◆ Task to complete:
Without including the pictures, copy out every line below.

◆ Recorded information:
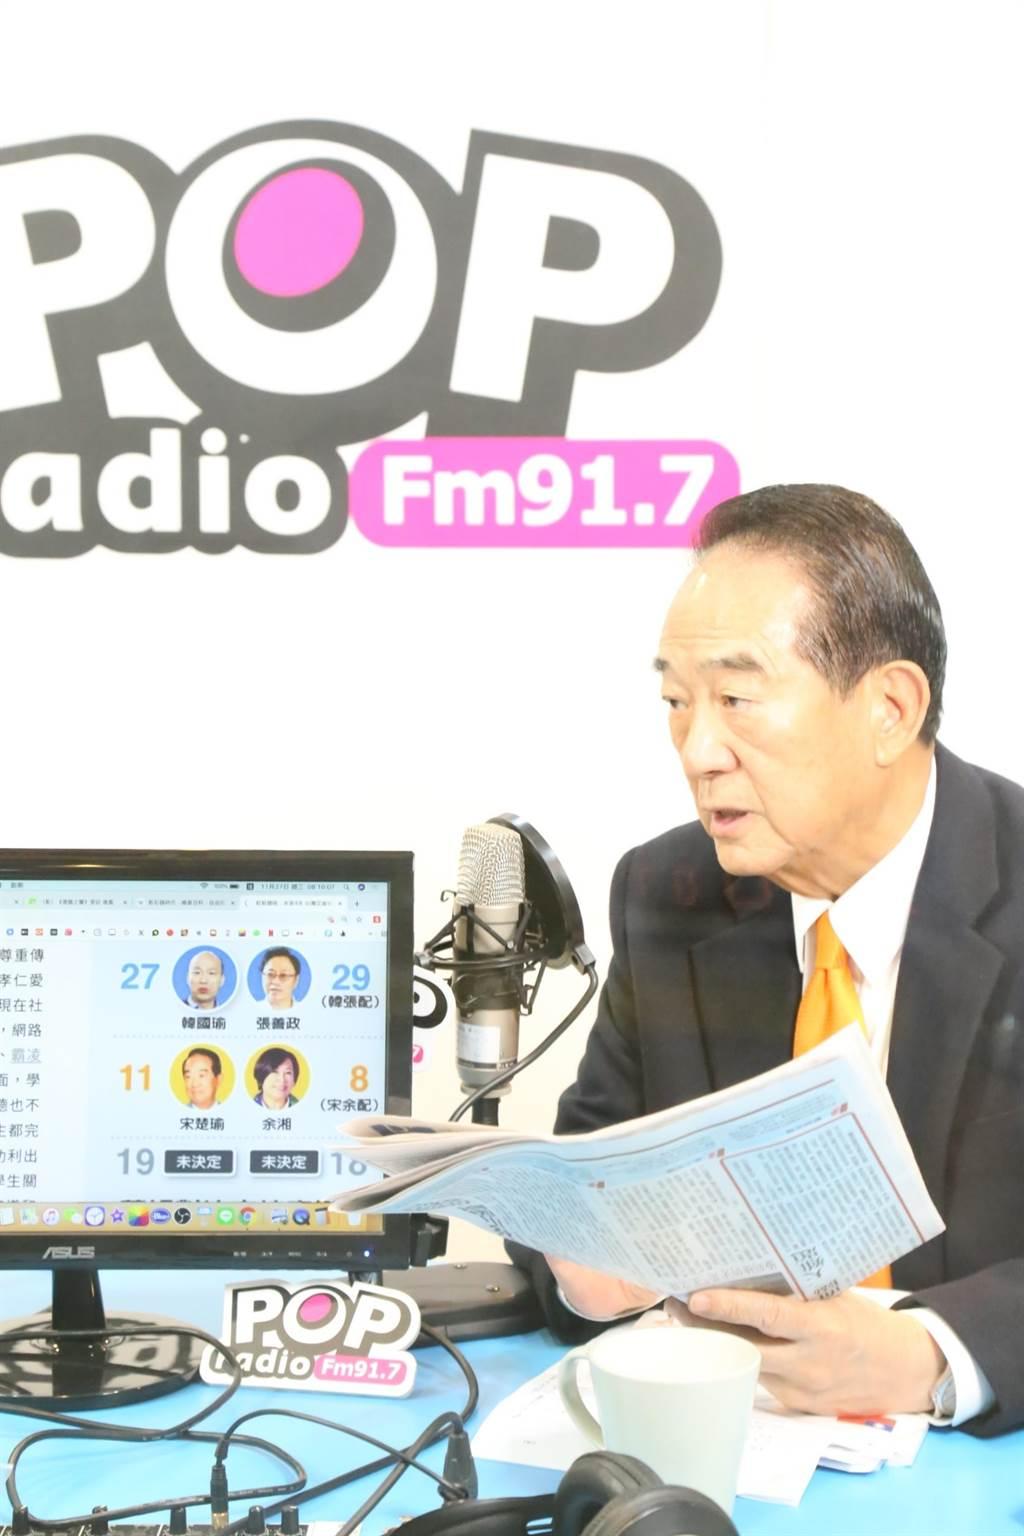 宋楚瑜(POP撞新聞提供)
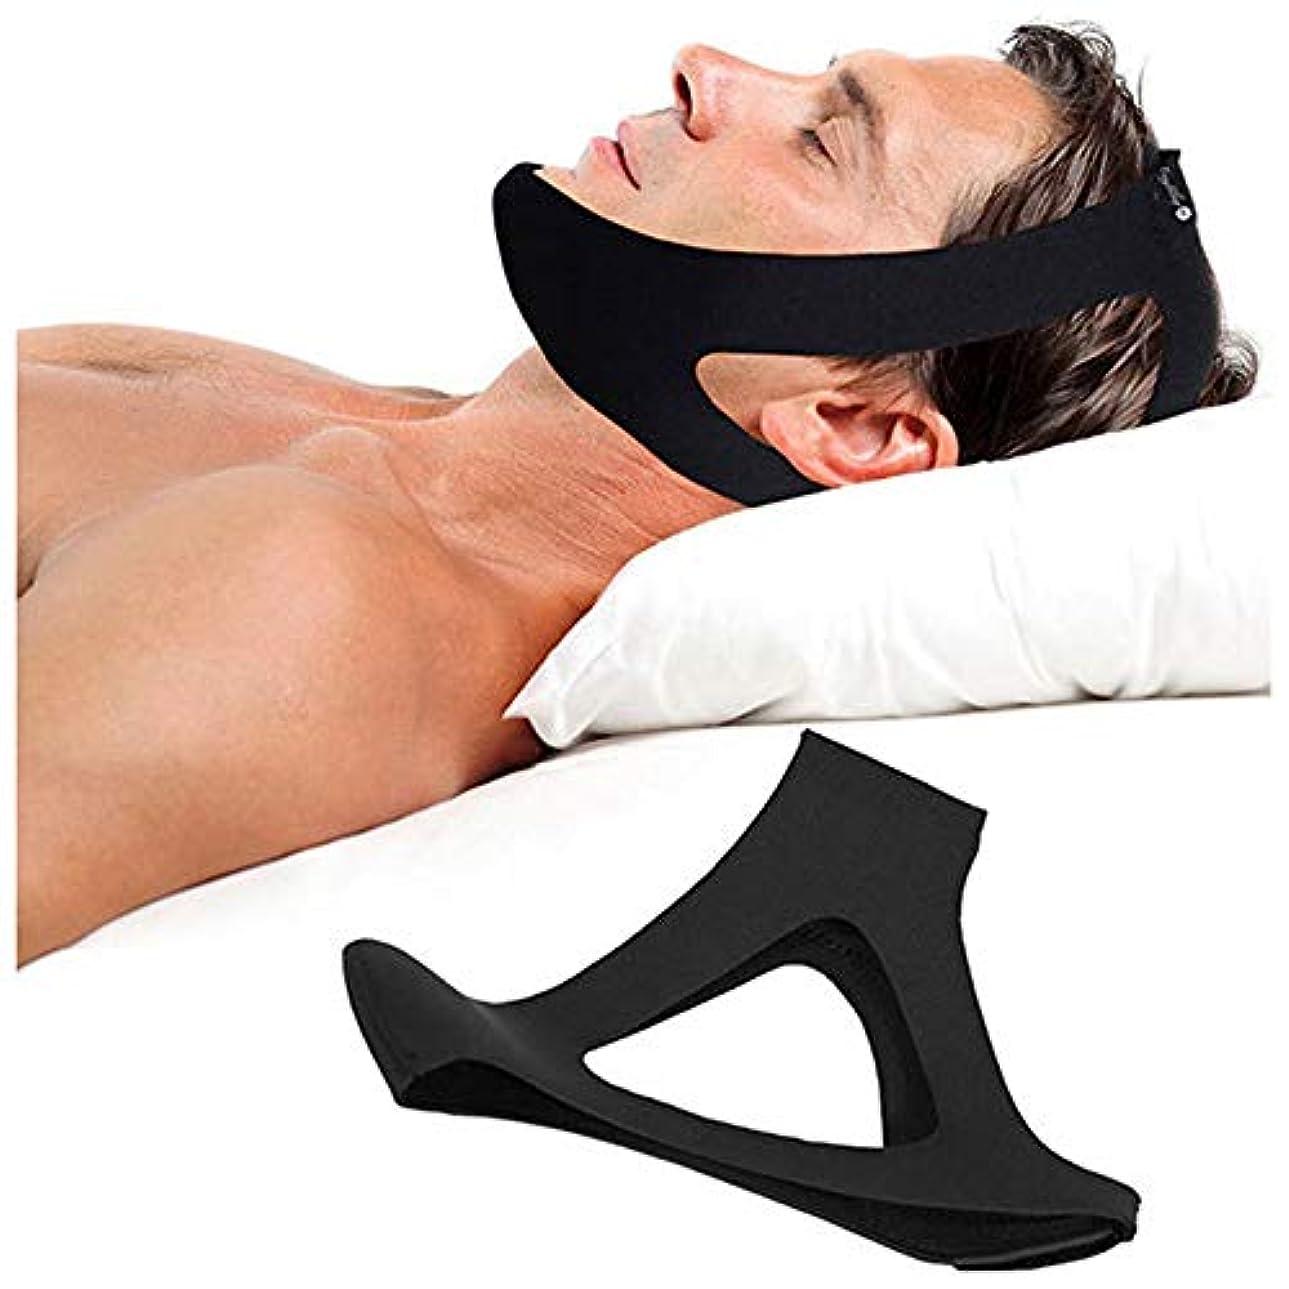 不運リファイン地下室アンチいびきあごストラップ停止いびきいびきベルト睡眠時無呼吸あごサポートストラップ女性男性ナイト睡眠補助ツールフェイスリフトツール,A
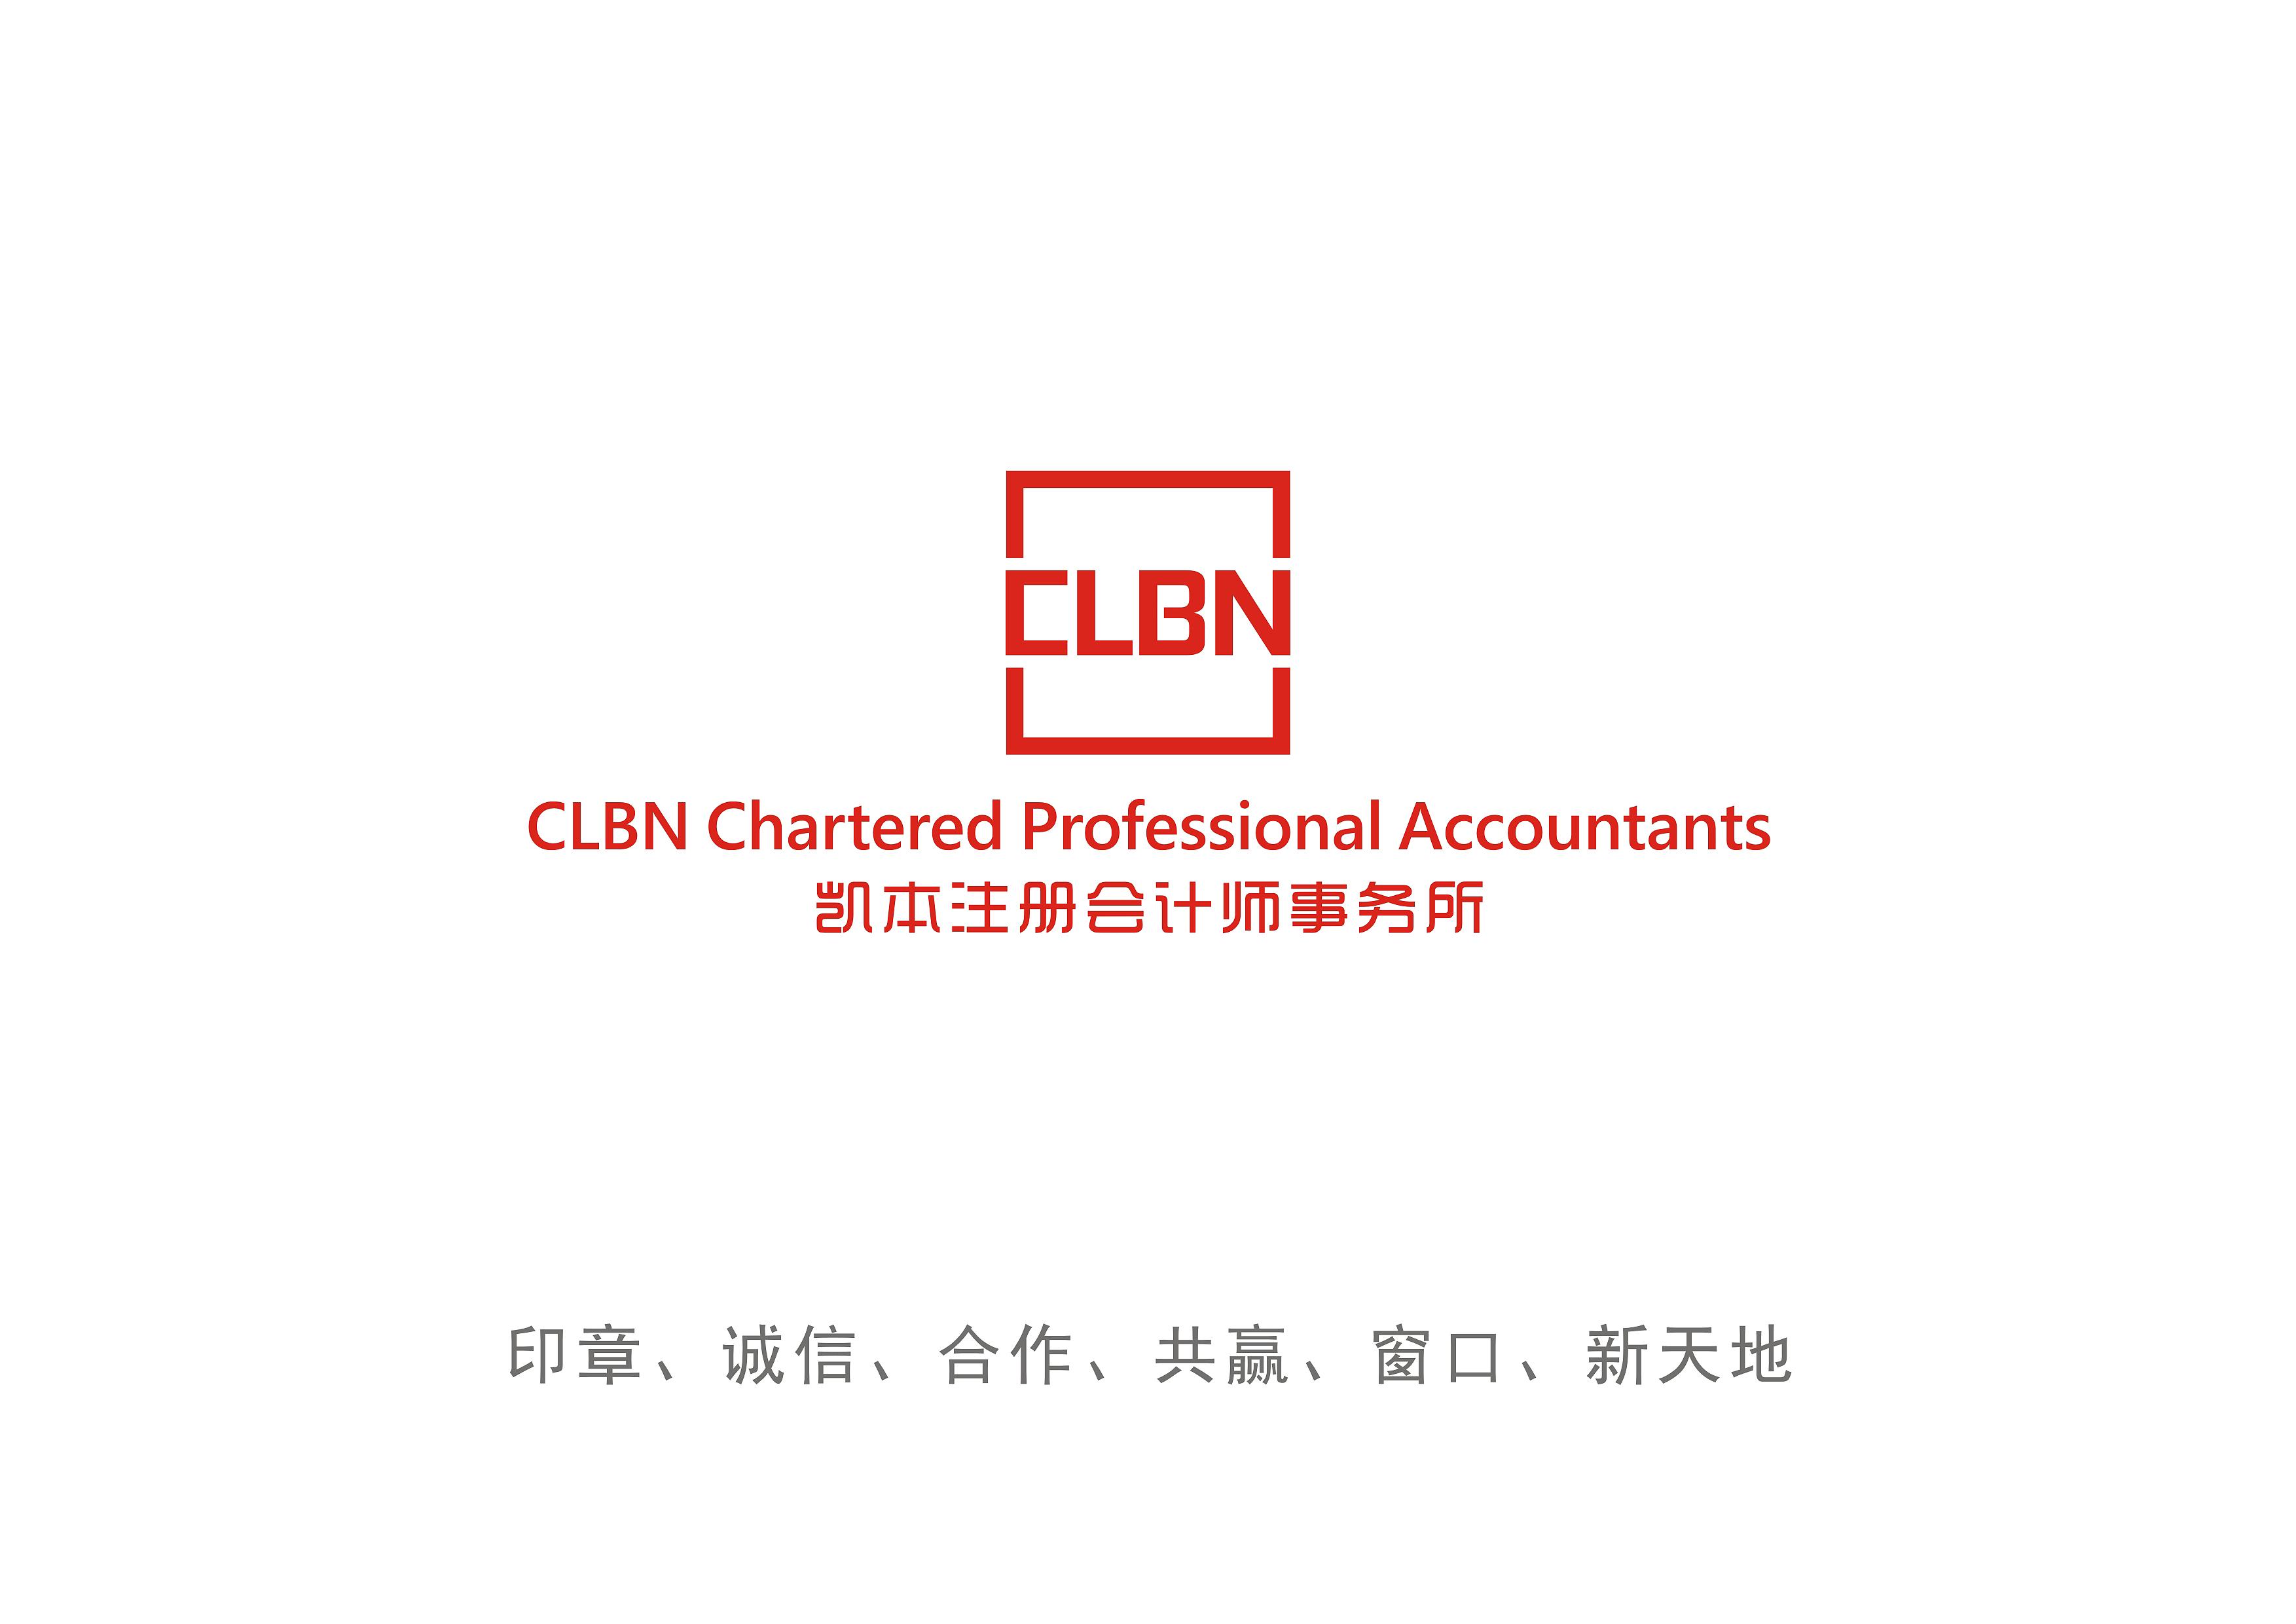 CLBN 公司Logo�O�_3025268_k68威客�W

◆ Task answer:
 宋楚瑜(POP撞新聞提供)
 不運リファイン地下室アンチいびきあごストラップ停止いびきいびきベルト睡眠時無呼吸あごサポートストラップ女性男性ナイト睡眠補助ツールフェイスリフトツール,A
 CLBN 公司Logo�O�_3025268_k68威客�W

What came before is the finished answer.